1. [Canvas pre-requisites](#prereqs)
1. [(Optional) Data preparation](#dataprep)
    - [Dependencies and setup](#Dependencies-and-setup)
    - [Target Time-Series (TTS)](#tts)
    - [Related Time-Series (RTS)](#rts)
    - [The combined SageMaker Canvas dataset](#The-combined-SageMaker-Canvas-dataset)
1. [Import your dataset to SageMaker Canvas](#Import-your-dataset-to-SageMaker-Canvas)
1. [Configure and train your model](#Configure-and-train-your-model)
1. [Review and export forecast results](#Review-and-export-forecast-results)
1. [Next steps](#Next-steps)

## Canvas pre-requisites<a class="anchor" id="prereqs"></a>

To follow the instructions below, you'll need SageMaker Canvas set up: See the ["getting started"](https://docs.aws.amazon.com/sagemaker/latest/dg/canvas-getting-started.html#canvas-prerequisites) and ["setting up"](https://docs.aws.amazon.com/sagemaker/latest/dg/canvas-setting-up.html) sections of the developer guide for steps.
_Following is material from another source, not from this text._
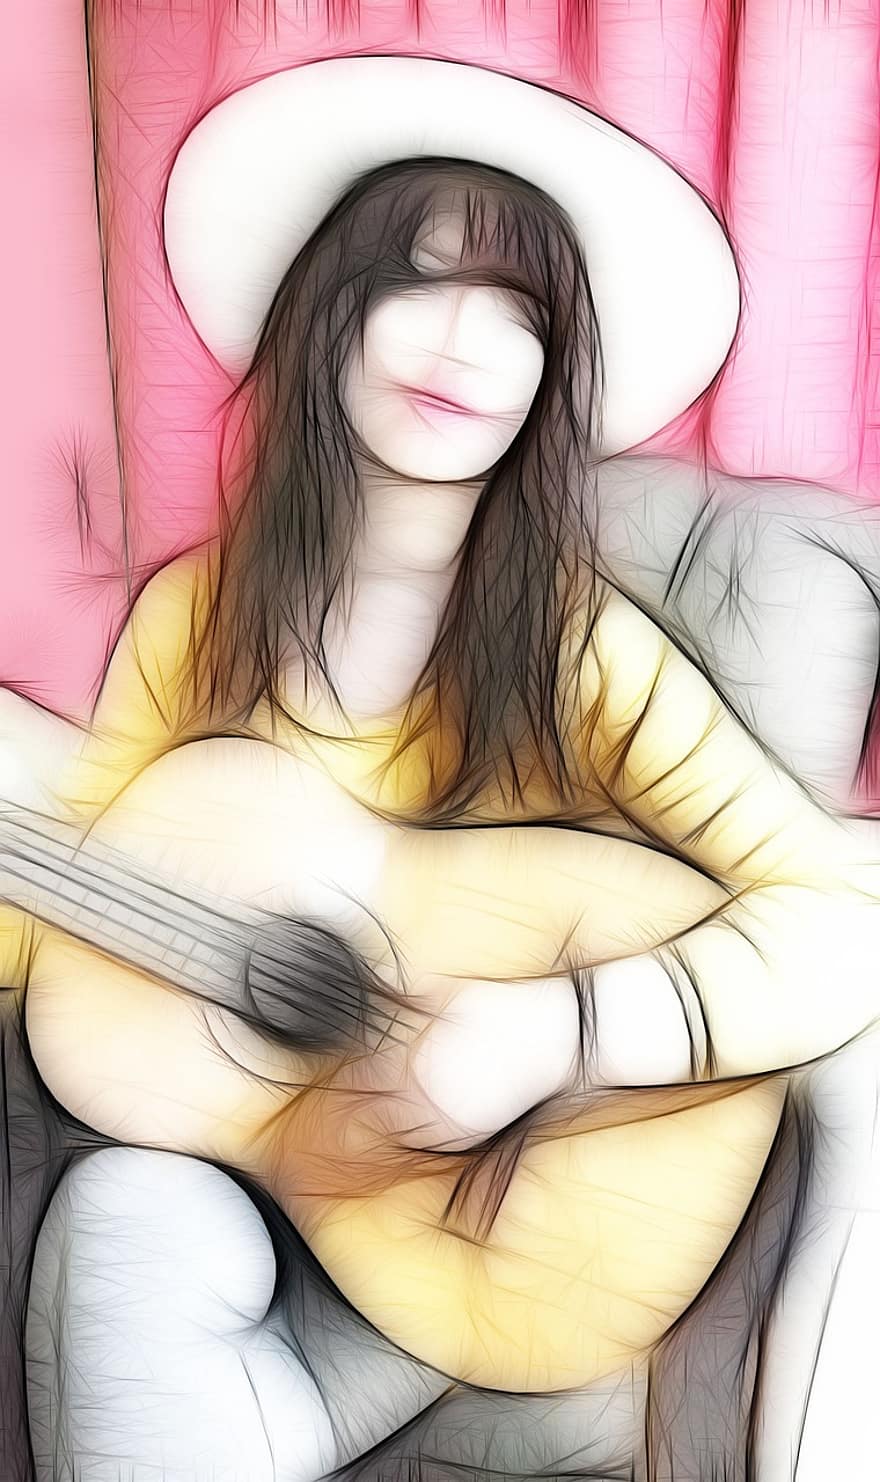 gitara, dziewczynka, muzyka, instrument, grać na gitarze, instrument muzyczny, kobieta, muzyk, kapelusz

In particular, you'll also need to [enable time-series forecasting](https://docs.aws.amazon.com/sagemaker/latest/dg/canvas-set-up-forecast.html) for your Canvas user(s).

If skipping the optional data preparation section below, you'll also need to [enable upload of local files](https://docs.aws.amazon.com/sagemaker/latest/dg/canvas-set-up-local-upload.html) through the Canvas UI.
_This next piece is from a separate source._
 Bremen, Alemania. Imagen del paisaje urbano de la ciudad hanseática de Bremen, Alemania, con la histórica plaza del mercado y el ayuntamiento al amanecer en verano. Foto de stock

## (Optional) Data preparation<a class="anchor" id="dataprep"></a>

> ℹ️ **You don't need to run any of the code in this section.**
>
> We've already prepared a Canvas-ready file for the sample dataset and made it available for [download here](https://measuring-forecast-benefits-assets.s3.amazonaws.com/dataset/v1/benefits_demo_canvas.csv). This section is provided to illustrate how the file was generated, in case you'd like to re-use elements of the process for your own custom datasets.

To build a forecast with SageMaker Canvas, we need to prepare our dataset in line with the [format requirements documented in the developer guide](https://docs.aws.amazon.com/sagemaker/latest/dg/canvas-time-series.html).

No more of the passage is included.